Awesome! I'm glad 🤙
Just to understand. Your idea is to query that document using prompts? Like chat with your docs? You might get much better results using rag if that's the case
Awesome! I'm glad 🤙
Just to understand. Your idea is to query that document using prompts? Like chat with your docs? You might get much better results using rag if that's the case
Exactly.
I already tested RAG using AnythingLLM without any success, but I suppose that the bottom problem was the context length. Now I will test it again using the modified models.
I tested RAG but I'm getting poor results, I played a little with chunk size and chunk overlap, but it doesn't seem to help. I only got decent results (but no better than the standard query) with Open WebUI enabling "Full Context Mode" (so the whole document is fed), but it took 30% more time to reply compared to the standard mode.
Any suggestions?
Since you are dealing with things that could be non-self-descriptive and probably are not what embeddings are trained for, consider feeding your text to an LLM first to summarize and turn into more explaining content.
Then feed that to the embedding model
I will try that, thanks.
You can also build sequential embeddings this way:
The summary of the last segment was as follows:
The current segment is:
Please return a summary for the current segment, using the previous segment for context, and also return the current context.
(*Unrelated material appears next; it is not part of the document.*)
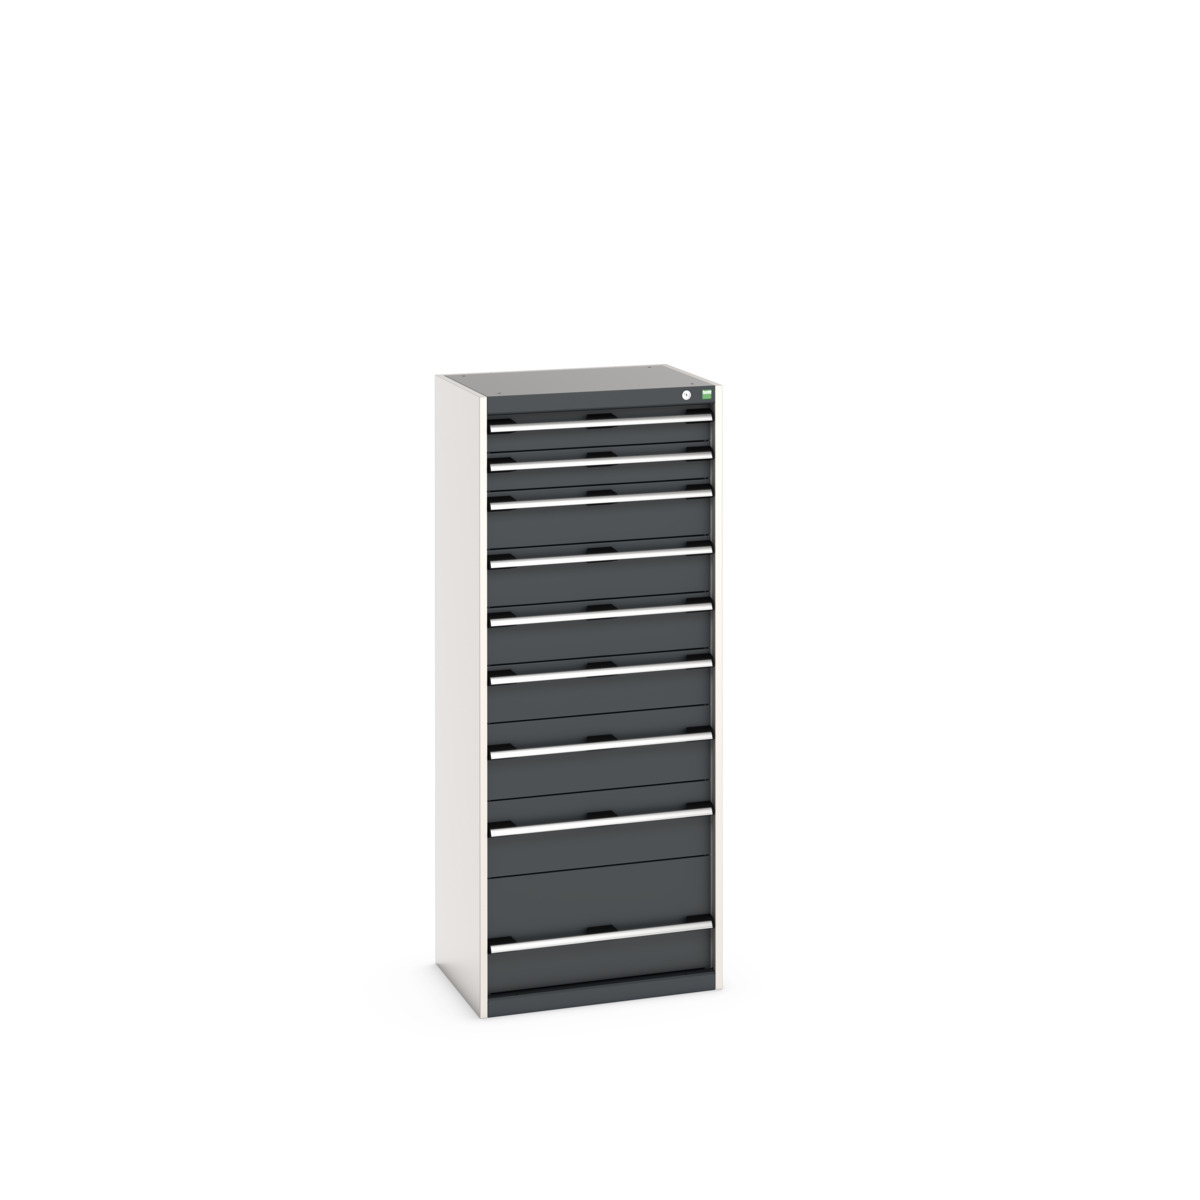 40011066. - cubio drawer cabinet

Uhm, this is hardcore, I need to understand all these pipeline stuff.
Hey! Yes, you could follow what nostr:npub12262qa4uhw7u8gdwlgmntqtv7aye8vdcmvszkqwgs0zchel6mz7s6cgrkj is recommending. Basically, create a synthetic dataset with two columns: col 1 for questions and col 2 for answers. You can use an LLM to generate this dataset, then embed the answers. I would also recommend using an embedding model like Nomic ( https://ollama.com/library/nomic-embed-text ) since they have an interesting prefix system that generally improves the performance and accuracy of queries ( https://huggingface.co/nomic-ai/nomic-embed-text-v1.5#usage ). I can also share the code for the Beating Heart, a RAG system that ingests MD documents, chunks them semantically, and then embeds them https://github.com/gzuuus/beating-heart-nostr . Additionally, I find the videos by Matt Williams very instructive https://www.youtube.com/watch?v=76EIC_RaDNw . To finalize, I would say that generating a synthetic dataset is not necessarily needed if you embed the data smartly.
Lots of things to study, I will take a look and experiment!